Catatan
Akses ke halaman ini memerlukan otorisasi. Anda dapat mencoba masuk atau mengubah direktori.
Akses ke halaman ini memerlukan otorisasi. Anda dapat mencoba mengubah direktori.
If your workflow includes moving data to Azure Blob storage, make sure you are using an efficient strategy. You should create the cache, add the blob container as a storage target, and then copy your data using Azure HPC Cache.
This article explains the best ways to move data to blob storage for use with Azure HPC Cache.
Petunjuk / Saran
This article does not apply to NFS-mounted blob storage (ADLS-NFS storage targets). You can use any NFS-based method to populate an ADLS-NFS blob container before or after adding it to the HPC Cache. Read Pre-load data with NFS protocol to learn more.
Keep these facts in mind:
Azure HPC Cache uses a specialized storage format to organize data in blob storage. This is why a blob storage target must either be a new, empty container, or a blob container that was previously used for Azure HPC Cache data.
Copying data through the Azure HPC Cache to a back-end storage target is more efficient when you use multiple clients and parallel operations. A simple copy command from one client will move data slowly.
The strategies outlined in this article work for populating an empty blob container or for adding files to a previously used storage target.
Copy data through the Azure HPC Cache
Azure HPC Cache is designed to serve multiple clients simultaneously, so to copy data through the cache, you should use parallel writes from multiple clients.

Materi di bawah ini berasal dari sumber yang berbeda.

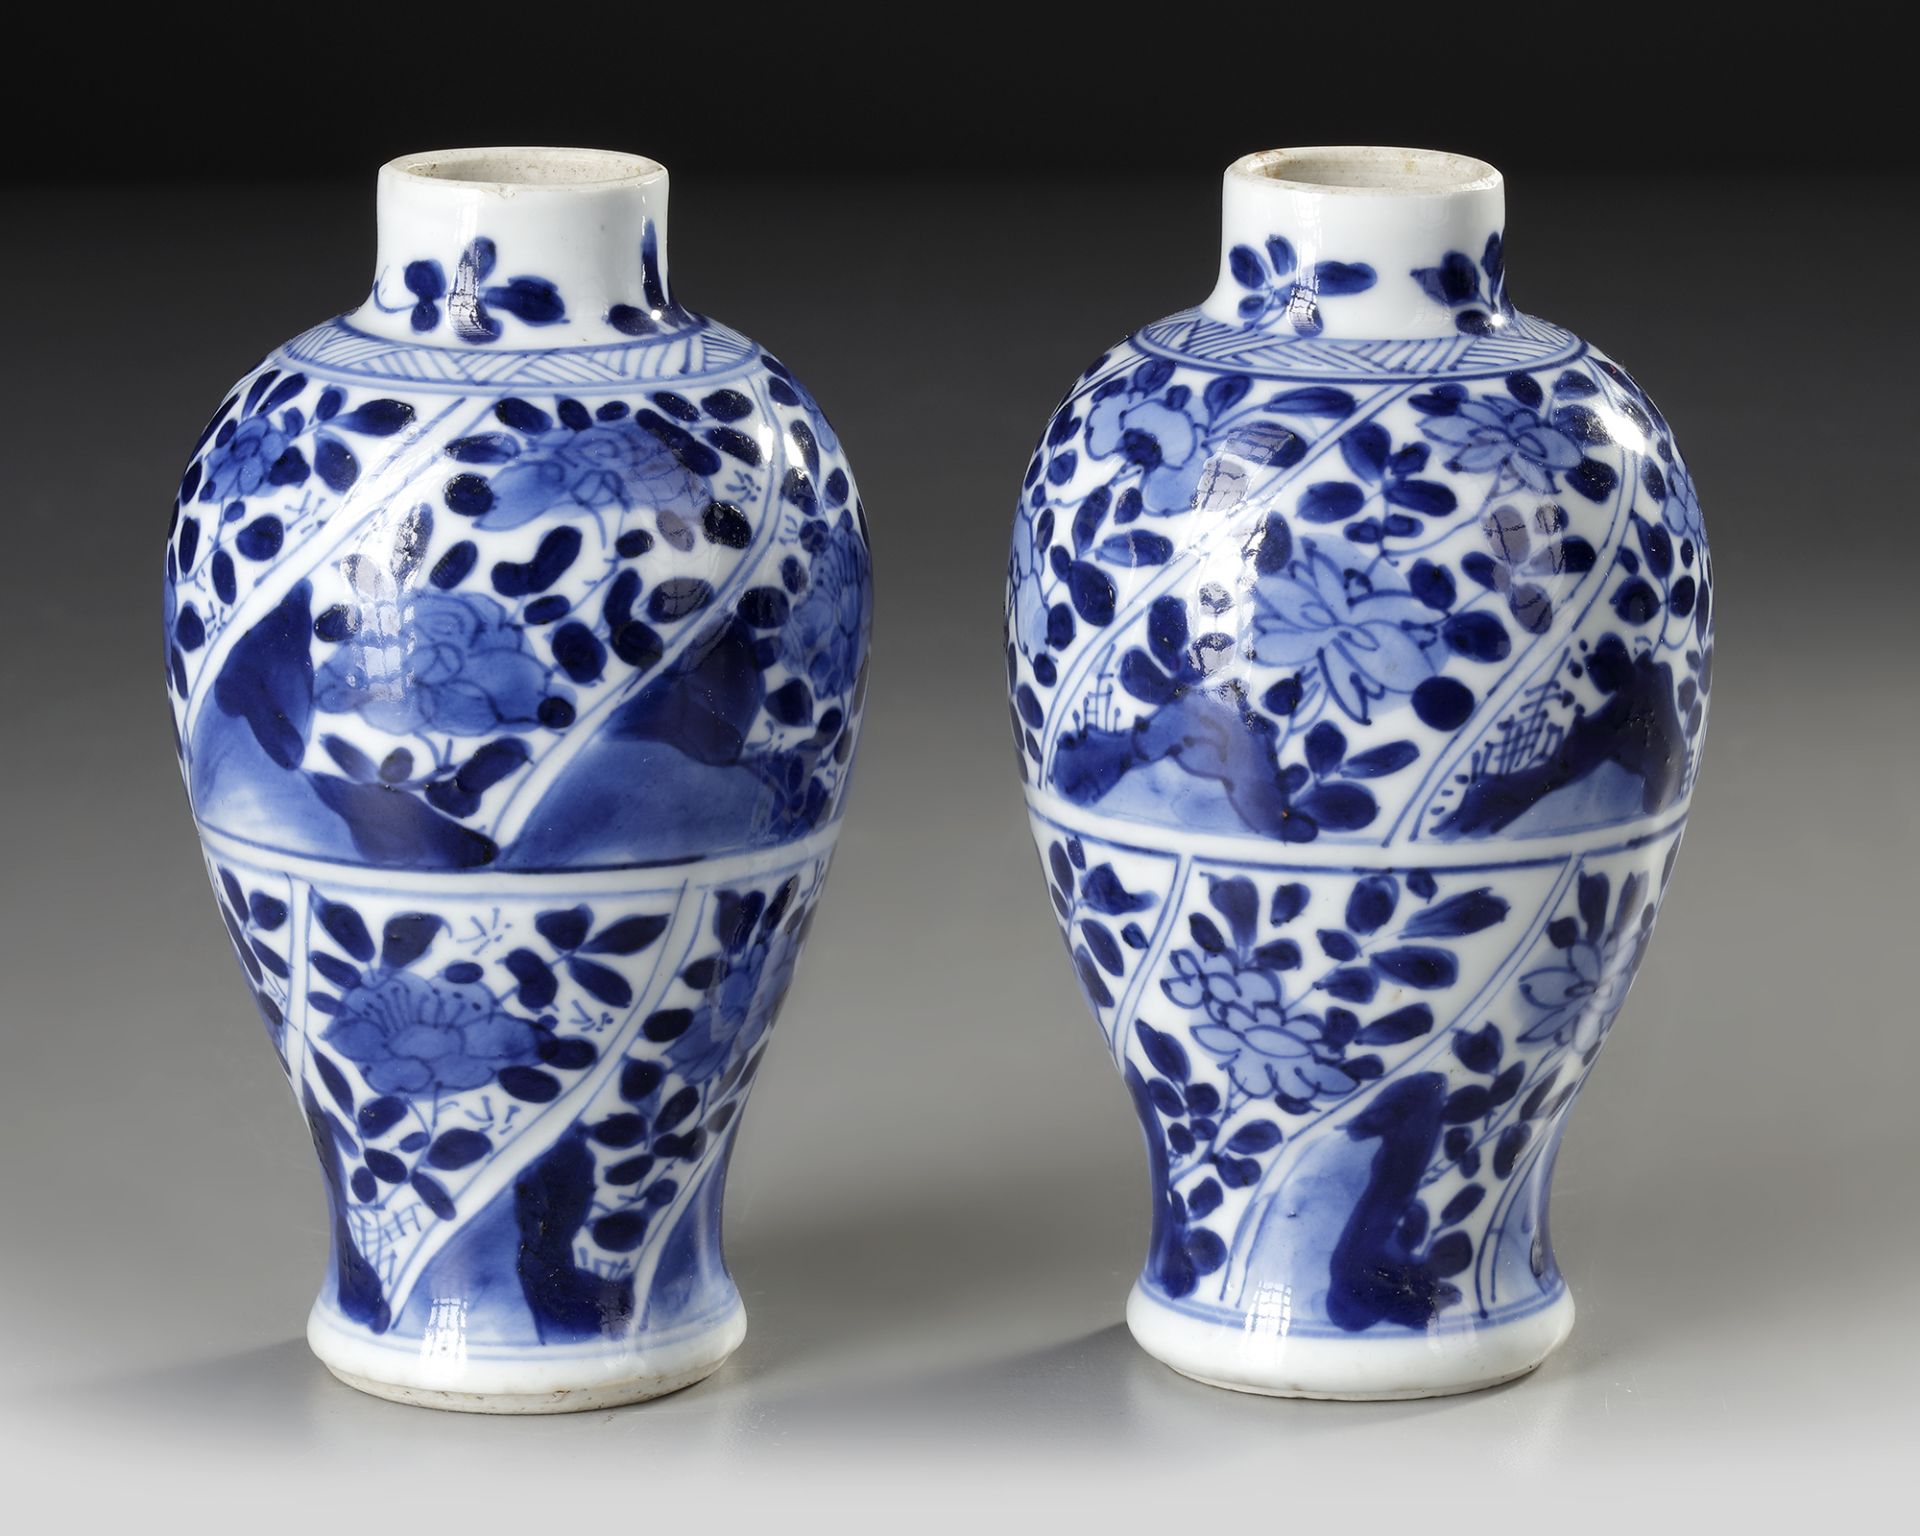 A PAIR OF CHINESE BLUE AND WHITE VASES, KANGXI PERIOD (1662-1722) - Image 2 of 4

The cp or copy commands that you typically use to transfer data from one storage system to another are single-threaded processes that copy only one file at a time. This means that the file server is ingesting only one file at a time - which is a waste of the cache's resources.
This section explains strategies for creating a multi-client, multi-threaded file copying system to move data to blob storage with Azure HPC Cache. Ini menjelaskan konsep transfer file dan poin keputusan yang dapat digunakan untuk penyalinan data yang efisien menggunakan beberapa klien dan perintah salin sederhana.
Ini juga menjelaskan beberapa utilitas yang dapat membantu. The msrsync utility can be used to partially automate the process of dividing a dataset into buckets and using rsync commands.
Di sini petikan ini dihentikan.